I visitatori adesso stavano salendo la scalinata dal tappetto rosso e Eddie riuscì a vedere che due di loro erano i maggiori ricercati della Nigeria – vivi o morti. Preferibilmente morti. Gli altri erano uomini grossi, guardie del corpo.
Una delle guardie aprì la porta di vetro e il gruppo entrò. Eddie si sollevò dal suo posto al tavolino, così come i suoi. Con la coda dell’occhio, vide una coppia dei suoi ragazzi tutti prurito alle dita – erano ansiosi, pronti a ficcarsi le mani nelle giacche ed estrarre le pistole.
“Fermi,” disse. “È una visita in amicizia.”
Il leader andò dritto da Eddie. Era basso e magro, con una lunga e folta barba che mostrava striature di grigio. Aveva la pelle nero scuro e il viso era segnato da grinze e solchi. Quell’uomo aveva trascorso molto tempo nel grande Sahel, col sole a battergli addosso.
“Yisrael Abdul Salaam,” disse Eddie allungando le braccia. “Benvenuto a casa mia.”
“As-Salaam-Alaikum,” disse l’uomo.
Eddie scosse la testa e sorrise. “Come vuoi.”
“Edward,” disse il più piccolo, “ti conosco da quand’eri ragazzo, e sei sempre stato una fonte di guai. Ma questo…” Fece un cenno all’ambiente. Aveva gli occhi svegli e non sorrideva. “Questo è il lavoro del diavolo. Dovrei ucciderti per avermi costretto ad attraversare un tale covo di immoralità.”

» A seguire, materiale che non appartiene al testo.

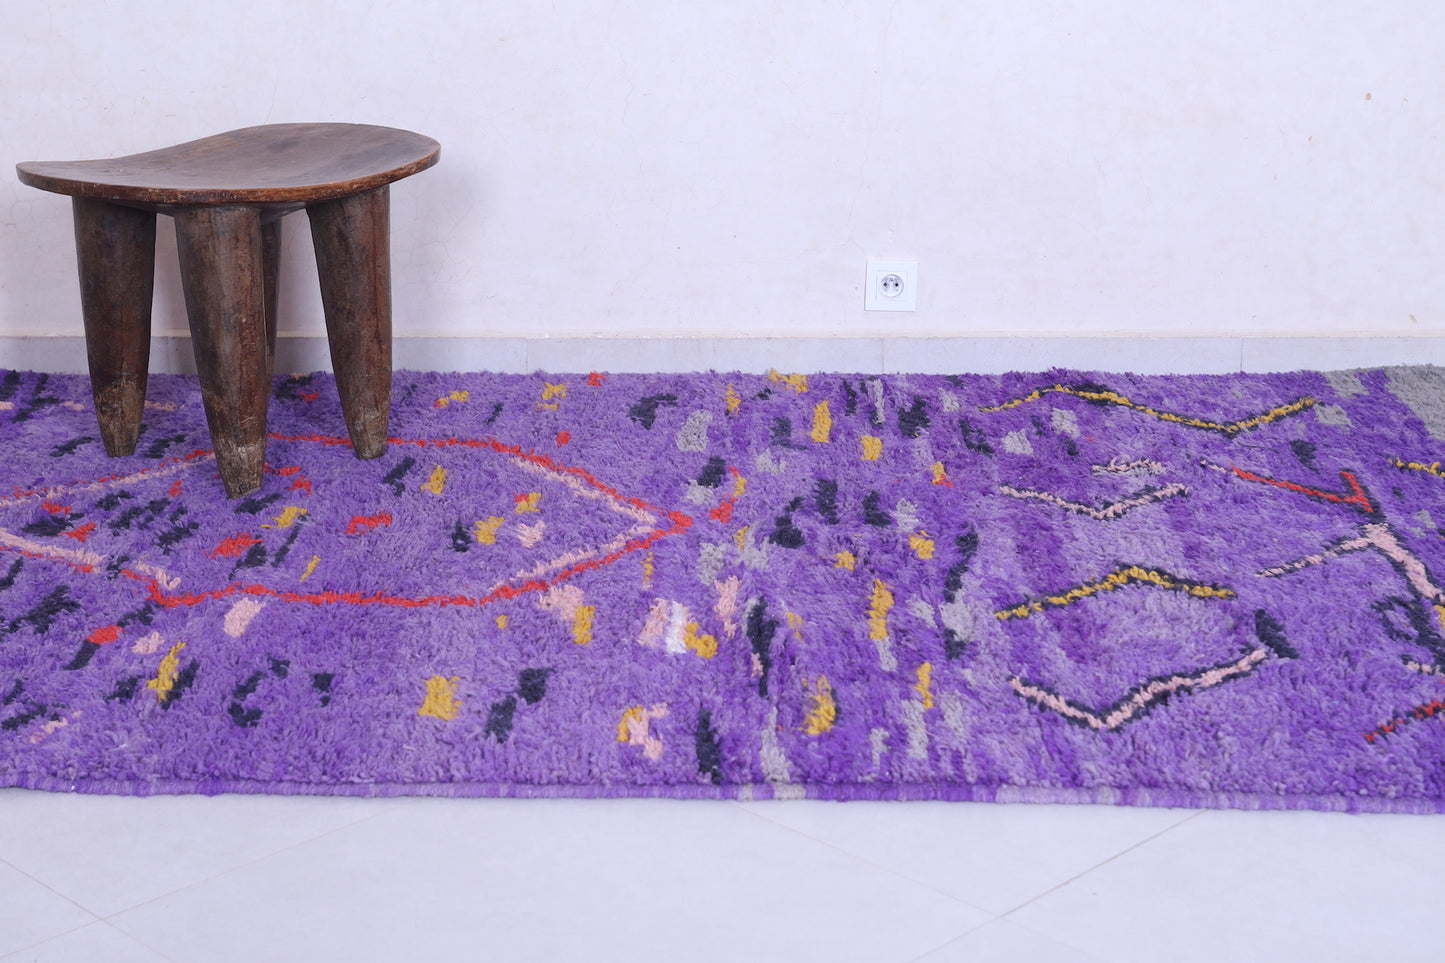 Purple handmade moroccan contemporary rug 5.4 FT X 8.6 FT
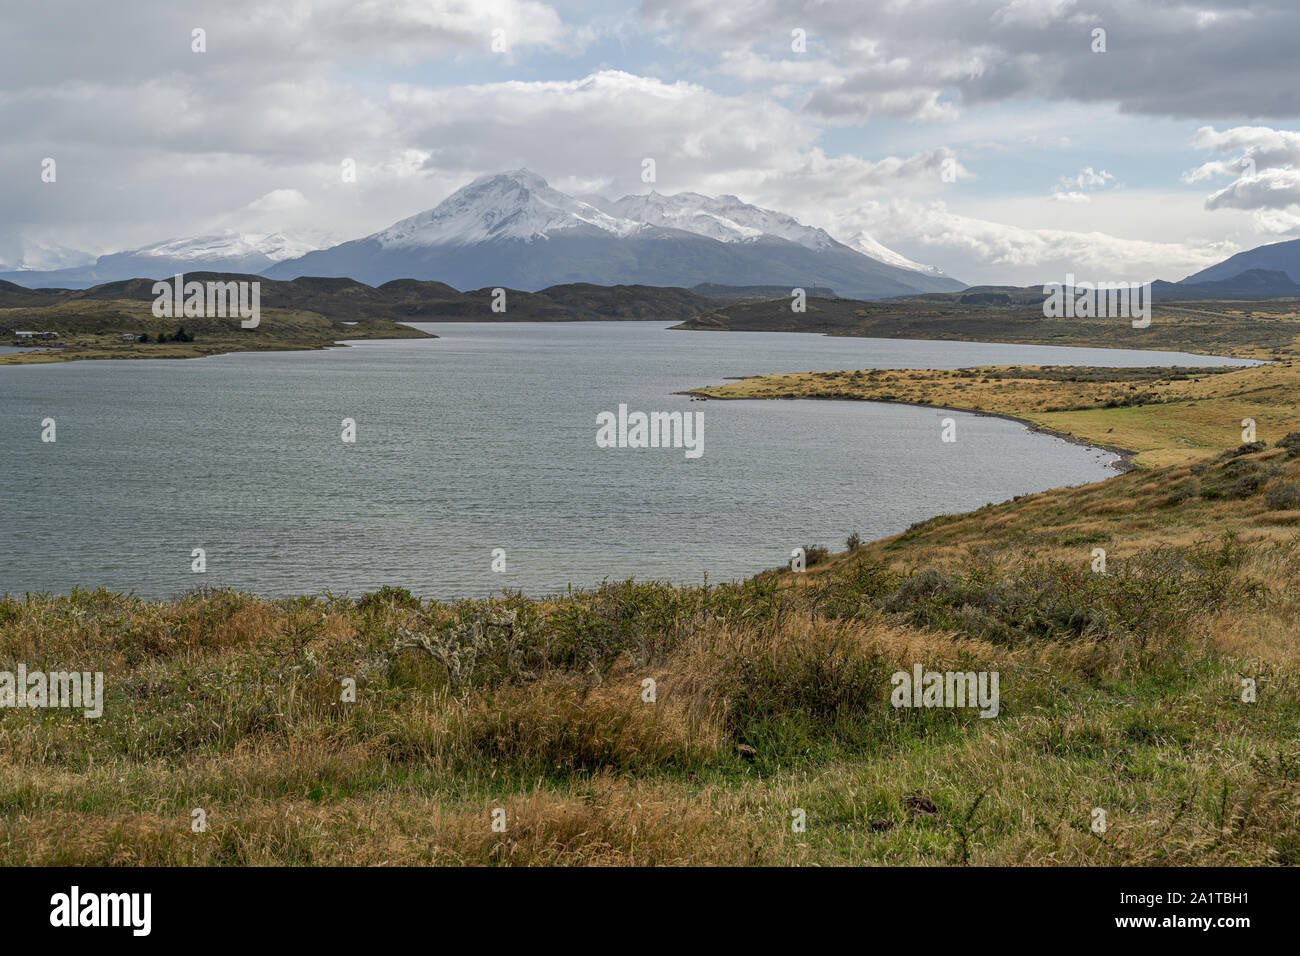 View of the Ultima Esperanza Sound with snowy mountain peak on the background, Puerto Natales, Chile Stock Photo

Adesso Eddie smise di sorridere. L’ultima cosa che voleva era una ramanzina da un fanatico religioso. “Il mondo sta cambiando,” disse. “Questa è la nuova Nigeria. Soldi veloci, vita veloce, posti bellissimi, donne bellissime. Tu e il tuo dio siete relitti del passato. E l’orologio ticchetta.”
Gli occhi di Yisrael non vacillarono mai. “Prima della tua morte, che Allah ti faccia recidere quella sporca lingua dalla bocca.”
Tolte di mezzo le amenità, Eddie indicò il tavolino. “Ci accomodiamo per parlare un attimo?”
Yisrael annuì. Sedette al tavolo e Eddie si accomodò di fronte a lui. Il resto degli uomini restò in piedi. Eddie non si curò nemmeno di offrire a Yisrael una flûte di champagne. Non era più di buonumore. Si guardò intorno. Gli uomini erano tesi. Una riunione di cinque minuti poteva aver luogo senza sparatorie? Questa era la massima preoccupazione. Yisrael, ovviamente, non era un attentatore suicida. Era troppo importante per una cosa del genere.
“So che oggi hai rubato una cosa,” disse.
Eddie scosse la testa. “Ho trovato una cosa.”
“E non sai neanche che cos’è.”
Era vero. Negarlo non aveva senso. “Tu sì?”
Yisrael annuì. “Ma certo. Appartiene ad amici nostri.”
Adesso Eddie invece sorrise, un fantasma di un sorriso. “Ah sì? Io sapevo che voi di amici non ne avevate più.”
Yisrael mandò a sbattere il piccolo pugno sul tavolino. Tutt’intorno a loro, i tiratori, stupefatti, saltarono. E fremettero. Ma non estrassero le armi.
“Perché mi hai invitato qui?” disse Yisrael.
“Per offrirti personalmente la cosa che ho trovato. Perché sono un sentimentale, e tu sei un mio compatriota e fratello di tribù, dopotutto. Ma se non la vuoi, sono sicuro di riuscire a fare un accordo con questi tuoi amici.”